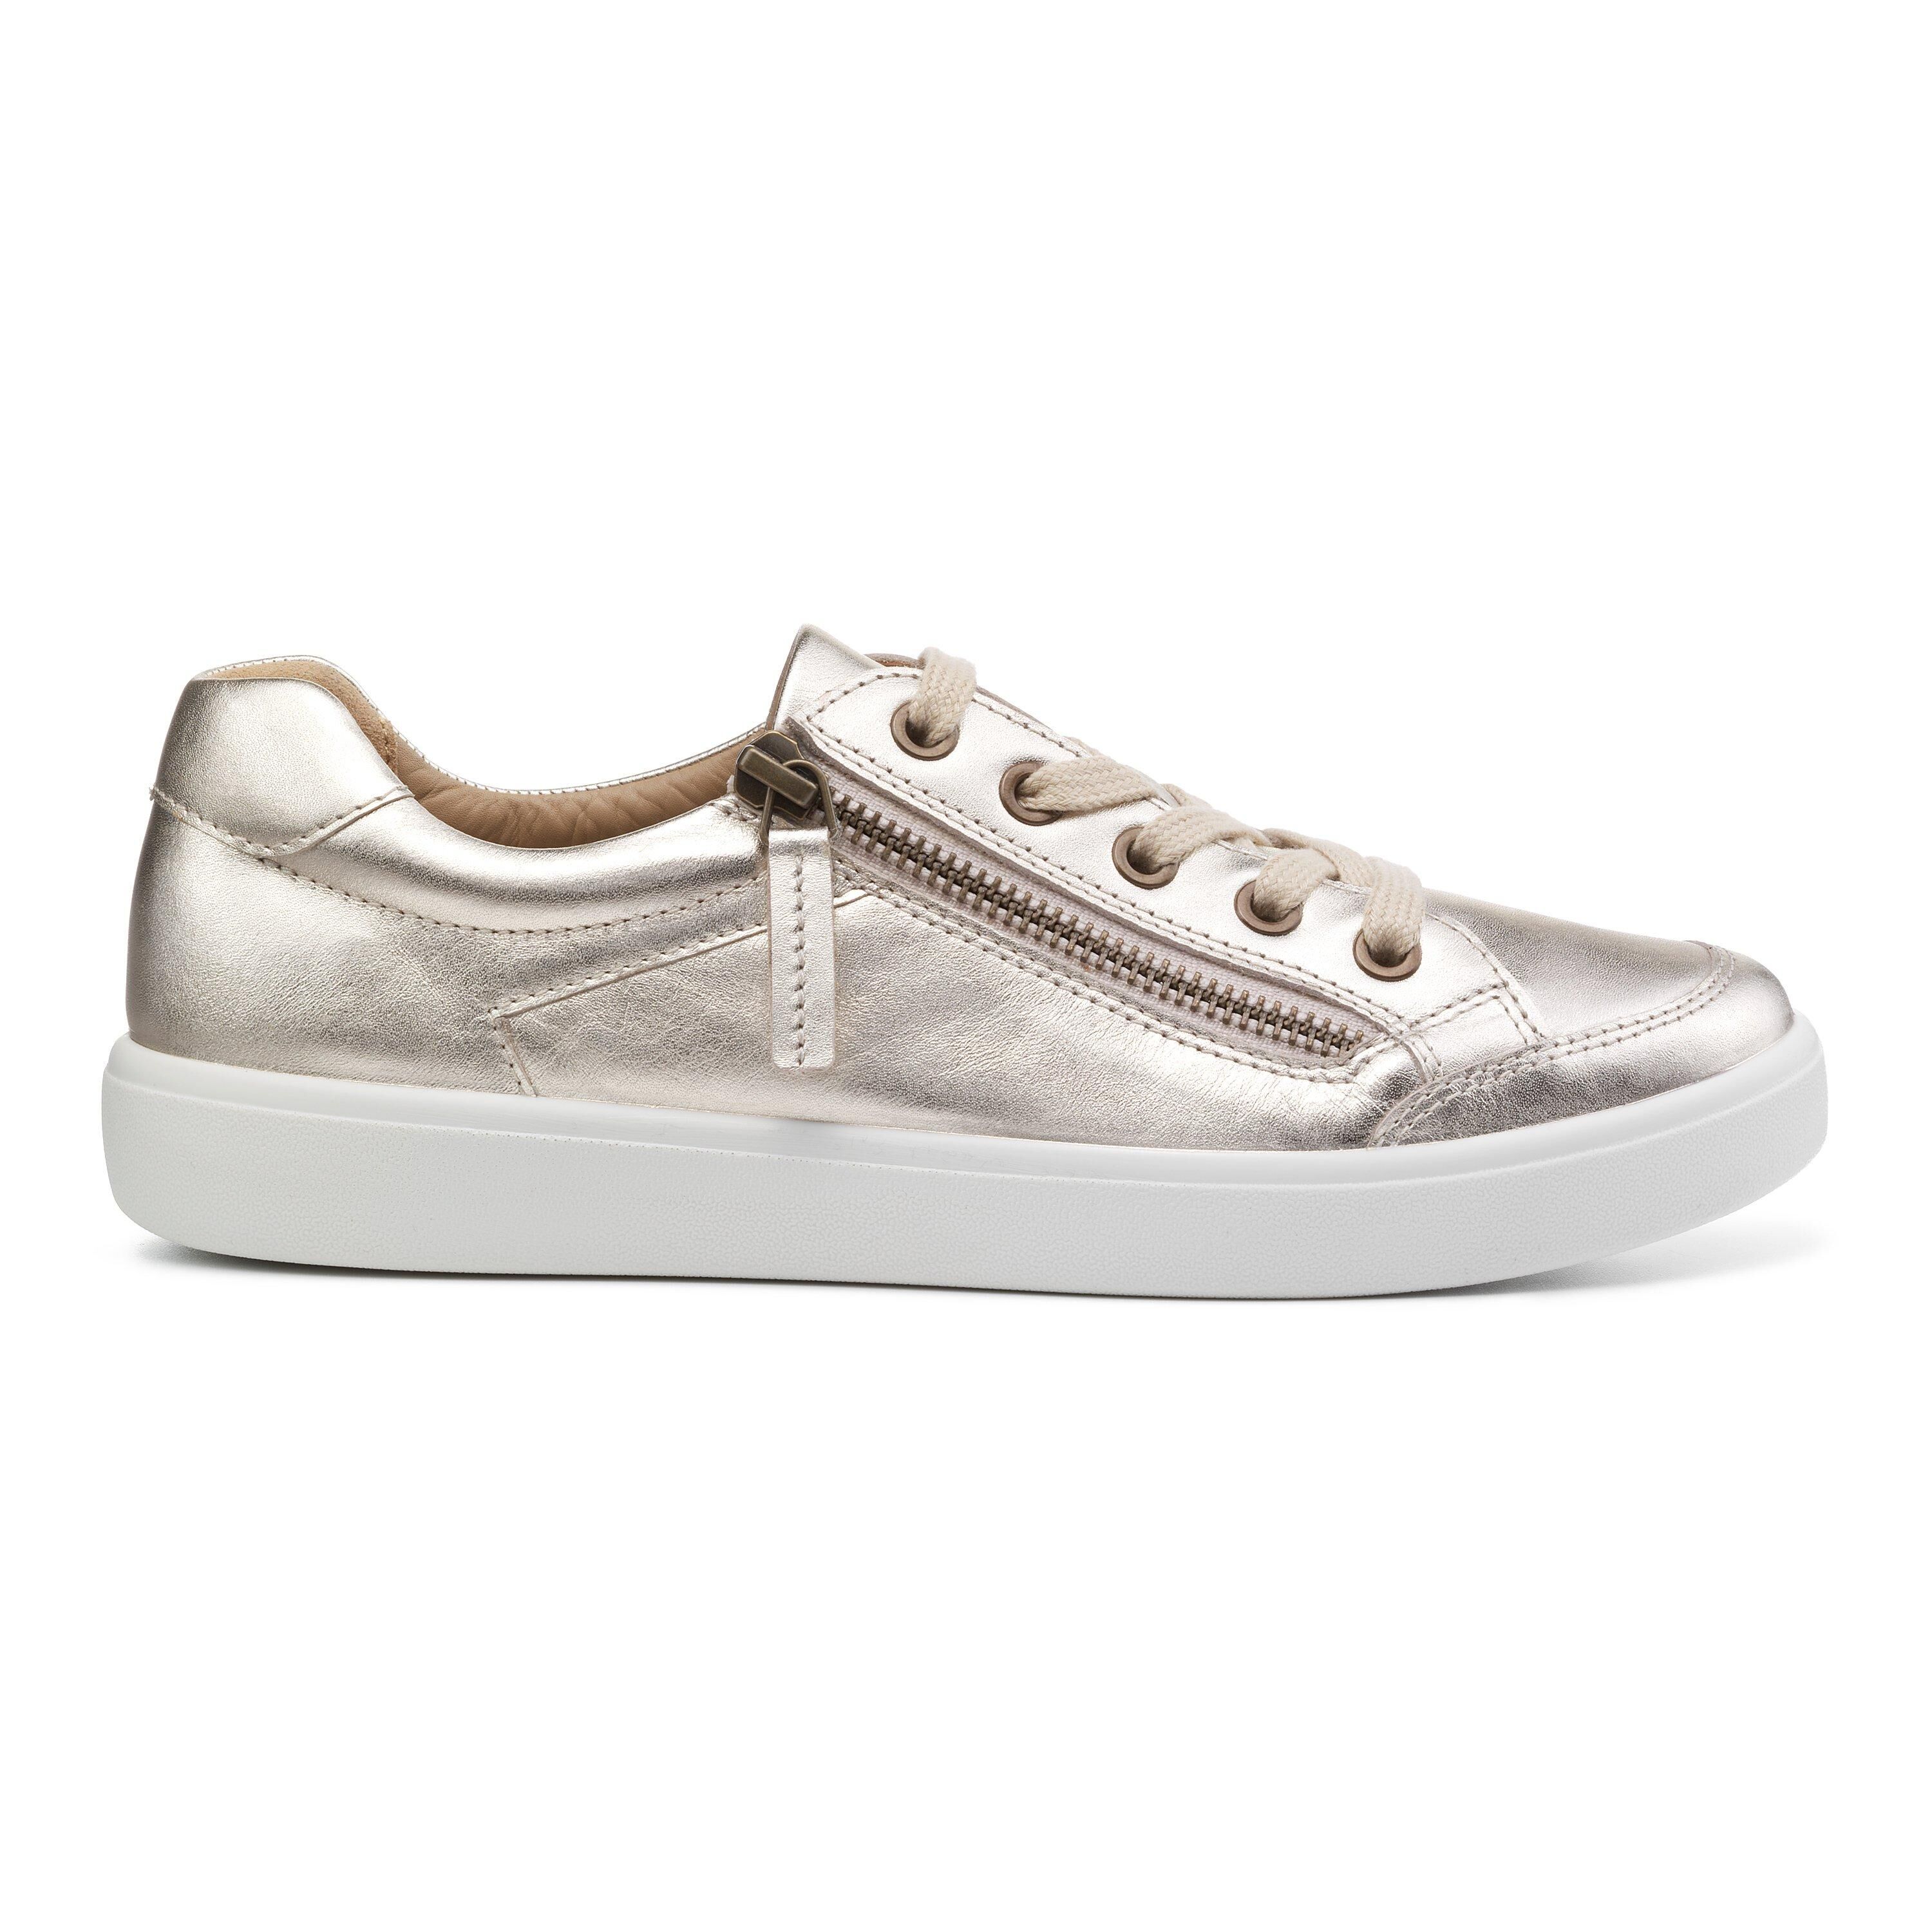 Hotter Chase II Shoes - Soft Gold Wide Fit 8 female
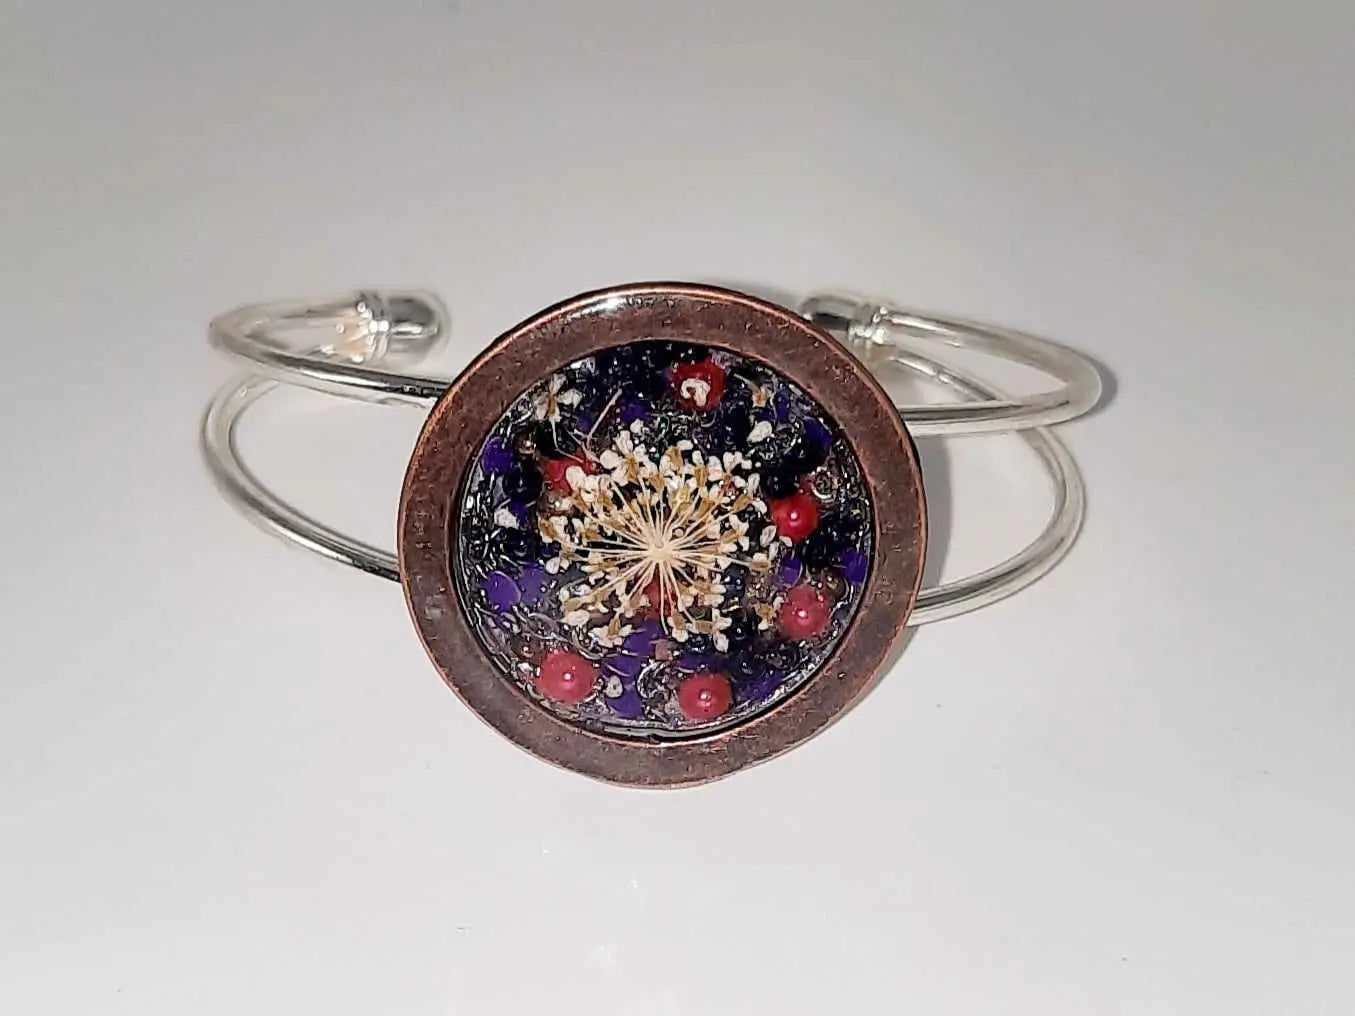 Handcrafted silver copper cuff bracelet by Josie's - Image #2
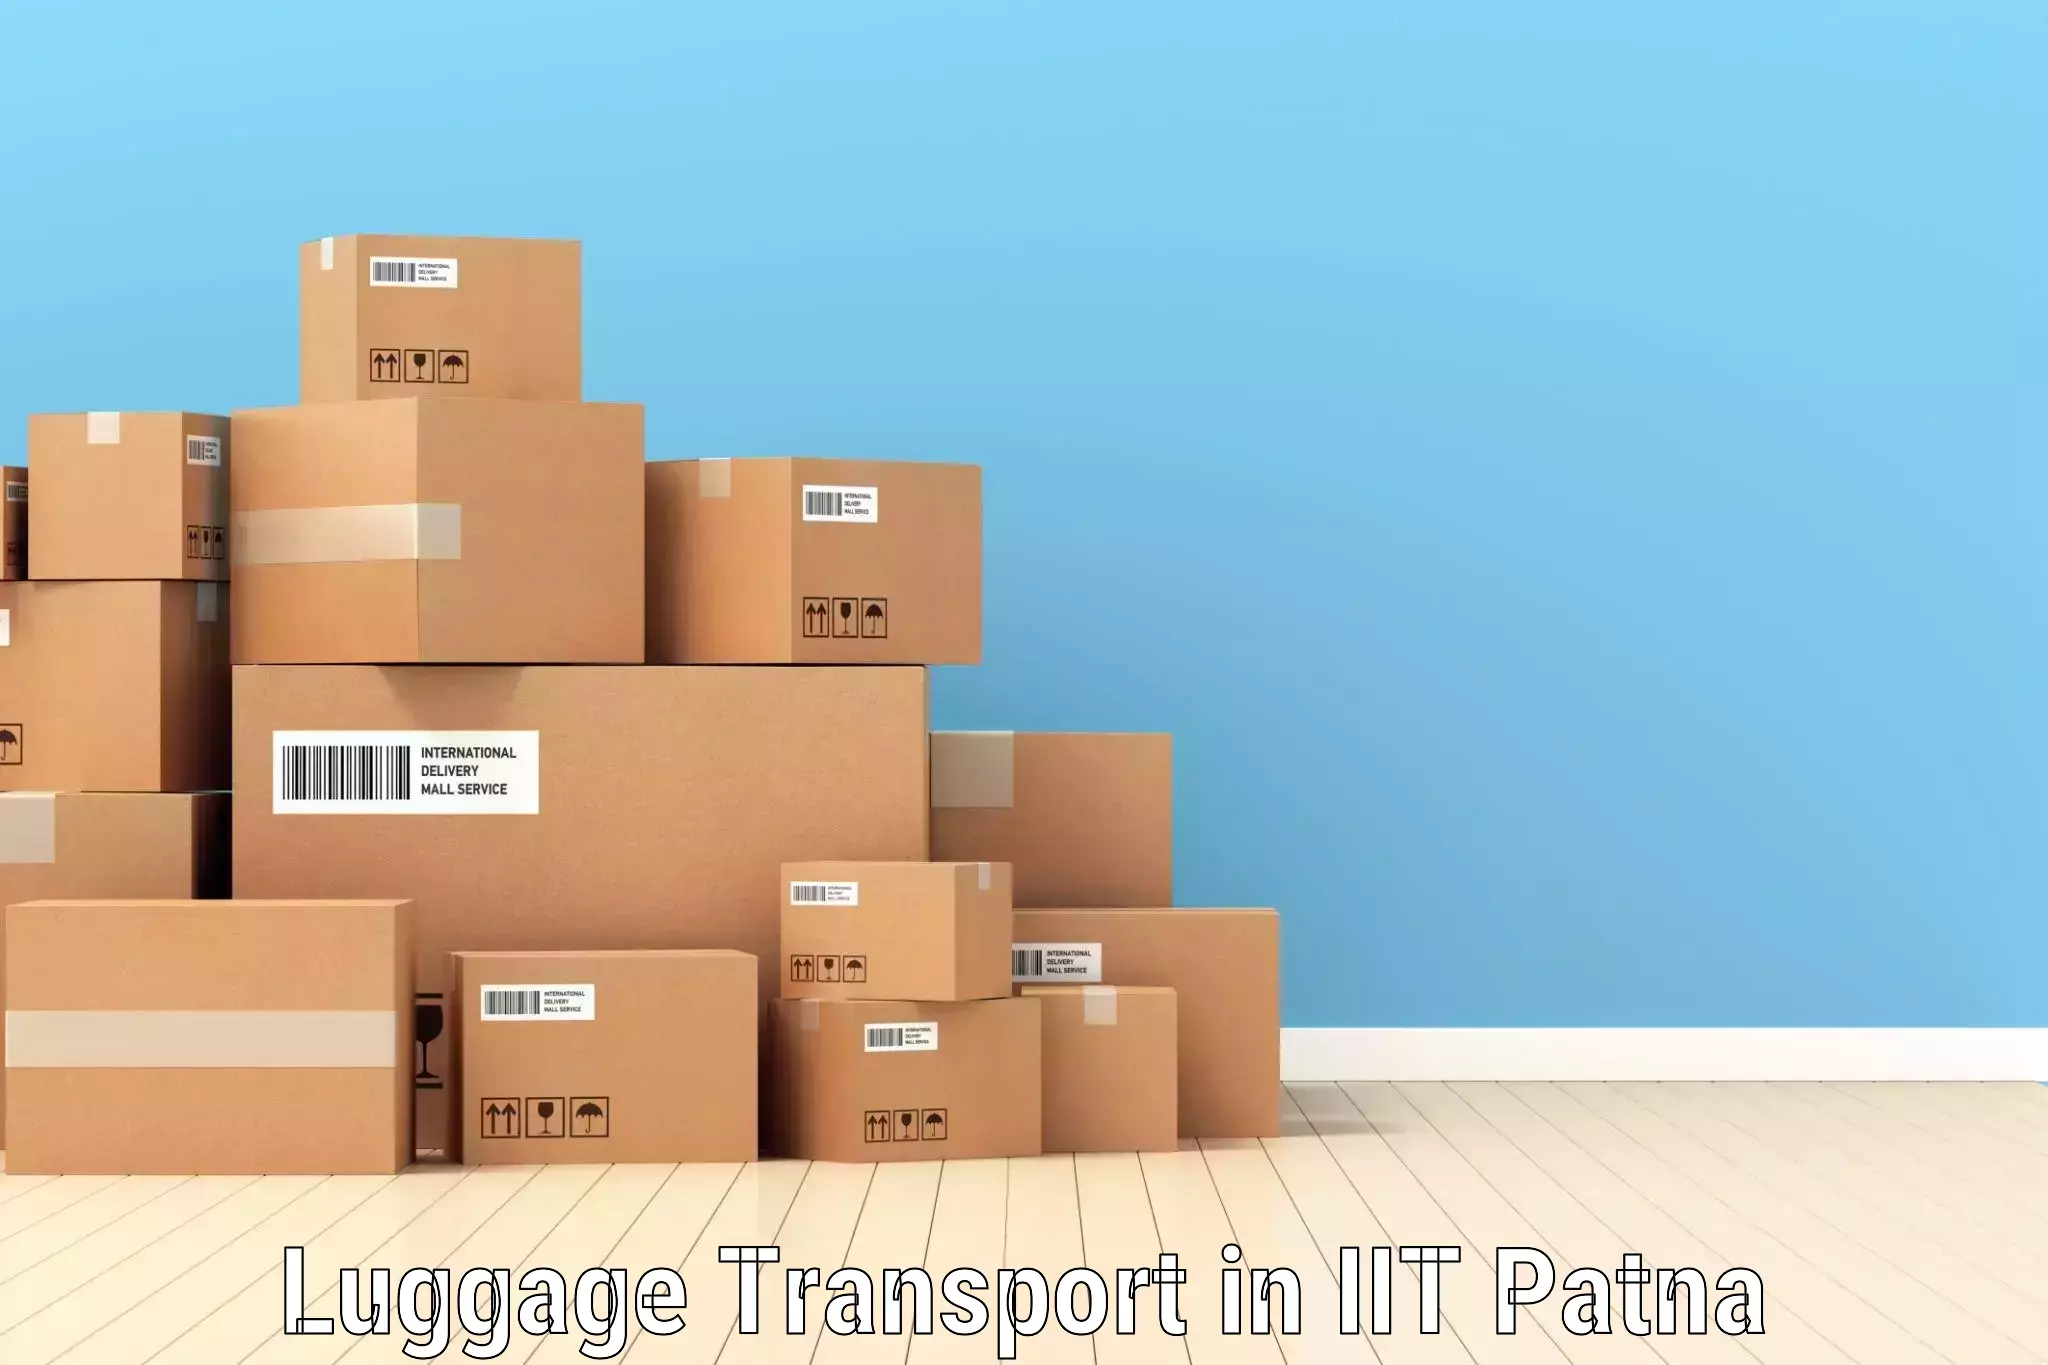 Luggage transport solutions in IIT Patna

● **WHAT YOU ARE ASKED TO DO**:
Every line of the data above should be repeated exactly. Omit the pictures.

● **OUTPUT**:
 Hotter Chase II Shoes - Soft Gold Wide Fit 8 female
 Handcrafted silver copper cuff bracelet by Josie's - Image #2
 Luggage transport solutions in IIT Patna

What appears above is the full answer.